Back in college, when Harlan was a psychology minor, he learned about ‘maximizers’ and ‘satisficers’ (‘satisfice’ being a blend of the words ‘satisfy’ and ‘suffice’). Maximizers try to squeeze the most out of every experience, while satisficers are more apt to go with the flow. I’m sure it won’t come as a surprise that I’m the maximizer in our marriage.

There are plenty of things I appreciate about being a maximizer. I am desperately in love with life and all of its potential. I am acutely aware of every moment. I get more excited about things than most other people I know, and I bring them along for the ride. When I taste a truly amazing dish I can hardly contain myself. Gazing at a stunning sunset or a mountain vista I am overcome with awe. Sometimes I feel so much joy that it spills beyond my borders. I am a hard worker. I try to make things as beautiful and exceptional as possible. When I accomplish something challenging I am lit up inside for hours. And you would be hard pressed to find someone more enthusiastic about her talent for picking the perfect size storage containers for leftovers.

But trying to maximize life has its downsides. It can lead to some rather compulsive behaviors. I am driven (pun intended) to find the best parking spot, even when it means I spend more time driving around than necessary. I have even been known to move my car if I discover a closer spot. I experience some chagrin when I do this, but that doesn’t stop me. I carry chapstick with me at all times so that my lips are optimally moisturized. On the rare occasion that I forget or misplace it I panic just a little. Same goes for hand cream. If it’s not in my purse, my bedside table, a kitchen drawer and my car something is seriously amiss. I cannot go to bed without first flossing, tongue scraping, brushing my teeth, washing my face, using a hydrating mist, moisturizing, installing my mouth guard…and of course, applying the requisite chapstick and hand cream. I also insist on making sure all of our animals (even the indoor/outdoor cats) are in the house each night, sometimes going to the front door numerous times in an attempt to lure them back inside before I head to bed. And I never fail to bid my kids goodnight and kiss each of them, even though they are teenagers and would likely prefer that I just ignore them. It occurs to me that this last example may be less of a compulsion than a “mom” thing.
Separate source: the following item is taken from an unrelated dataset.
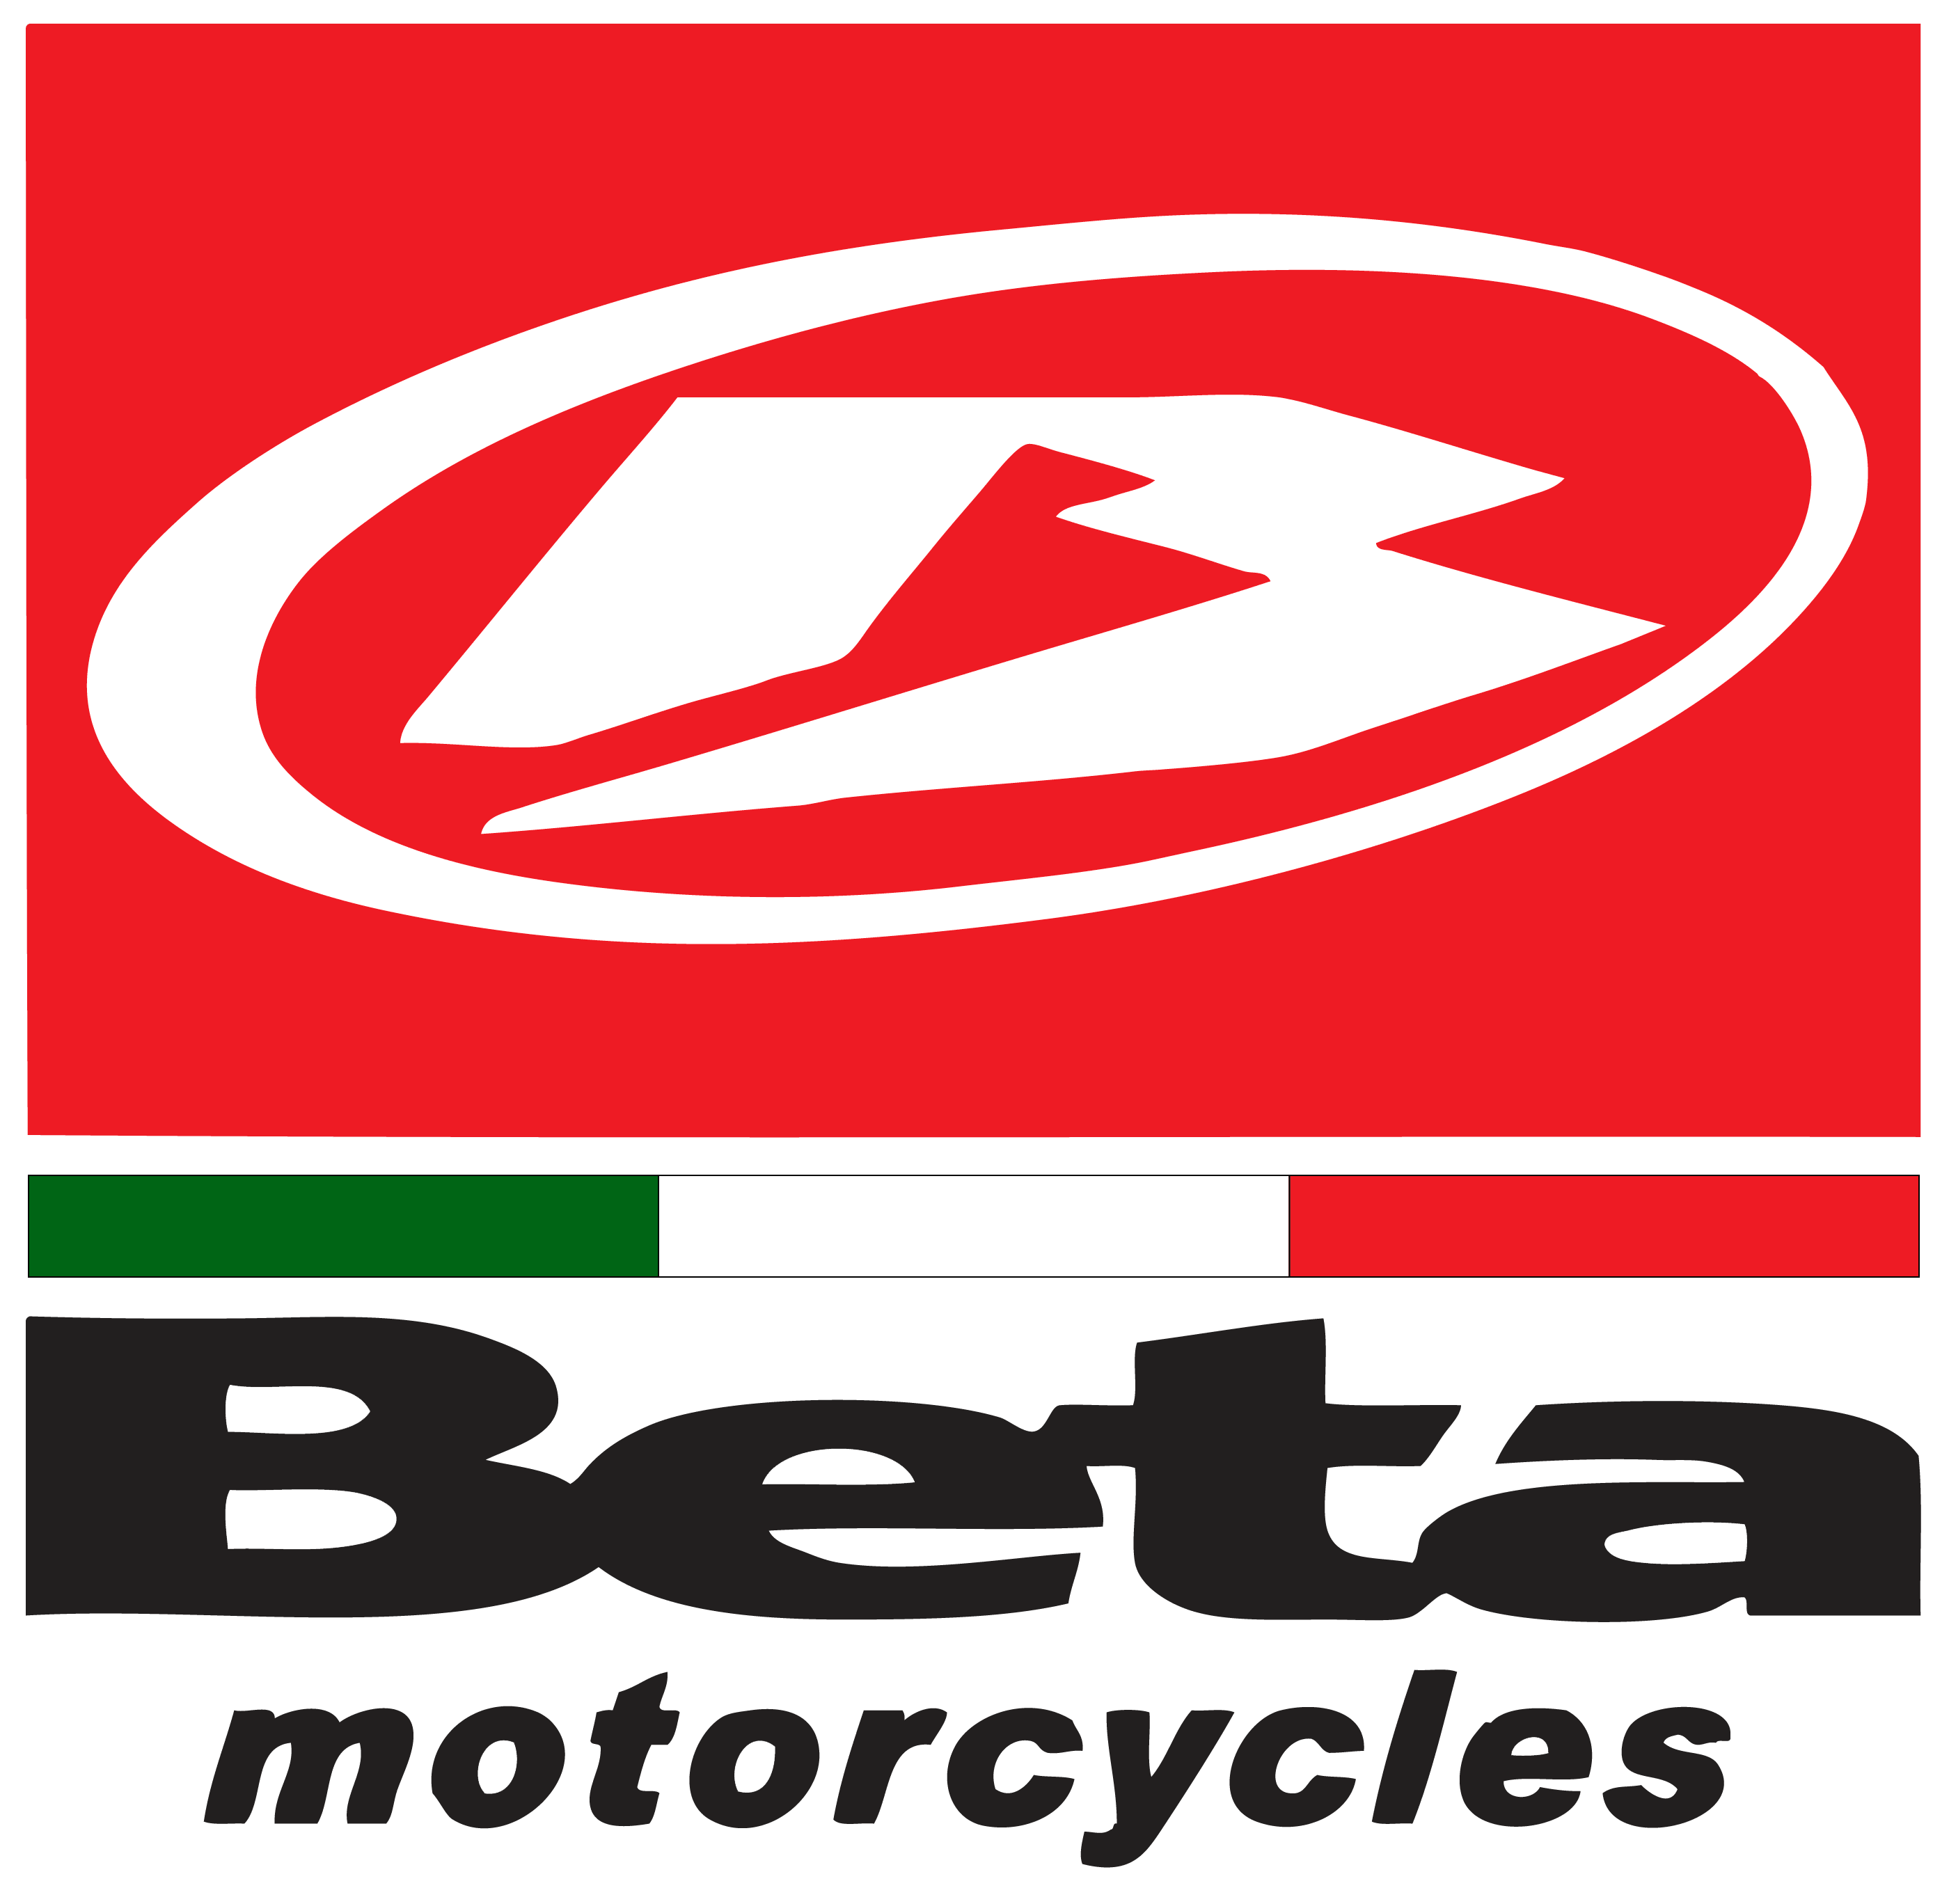 Beta Motorcycles
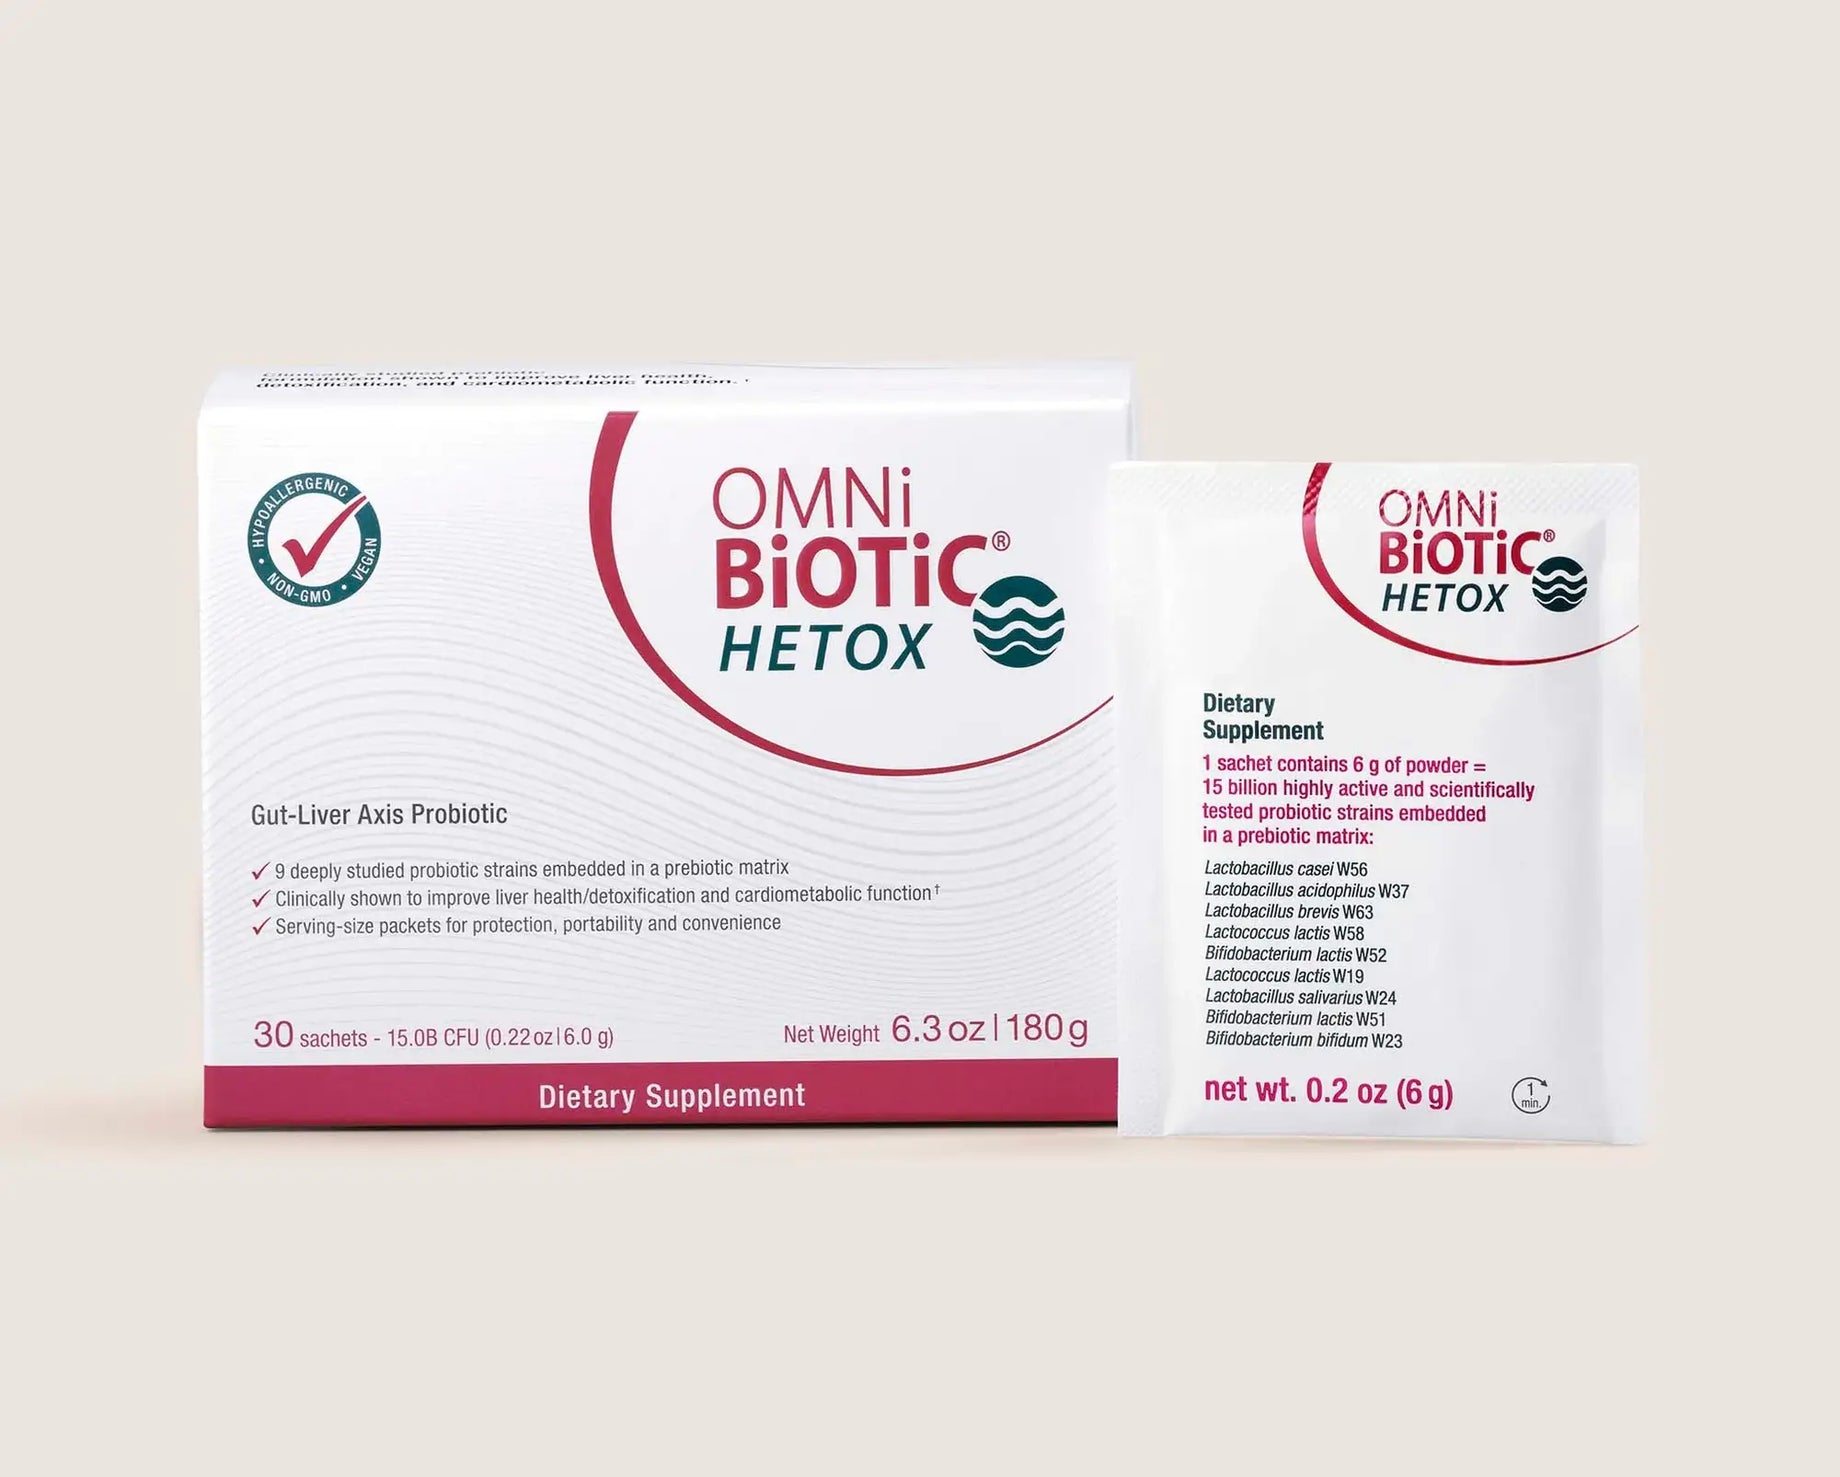 Introducing Omni-Biotic Hetox

I am a horrible decision maker when there are more than two options on the table. I find too much choice paralyzing (How can I know which is the best one?) and often second guess my decisions as soon as I’ve made them. Harlan can’t relate. He makes decisions with ease and then doesn’t give them another thought. I find that rather astonishing. It goes without saying that prioritizing is also not a strength of mine since everything in my life seems to carry equal weight and is therefore equally important to optimize. And I’m harder on myself than is necessary. I almost always feel I could do better.

Things would be easier If I was a satisficer. Setbacks, like the potsticker situation, would roll off my back. I would have fewer roller coaster emotions. I would compare myself less to others and be more content. So I’ve been working on embracing more of the “just fine” in life. When dining out, once I spy a menu item that accommodates my dietary restrictions and looks reasonably tasty, I no longer scrutinize all of the other options before placing my order. If I don’t finish a book before my book club is scheduled to meet I attend anyway. And just this morning, after parking near my doctor’s office, I noticed a more perfect spot but opted not to move my car. Perhaps if I make enough satisficing choices I will someday find that I have become laid-back and serene.

But I will continue to allow myself to maximize the things that make life a little more vibrant. Because, in my experience, it is our superlative experiences that make us feel exuberantly, joyfully alive.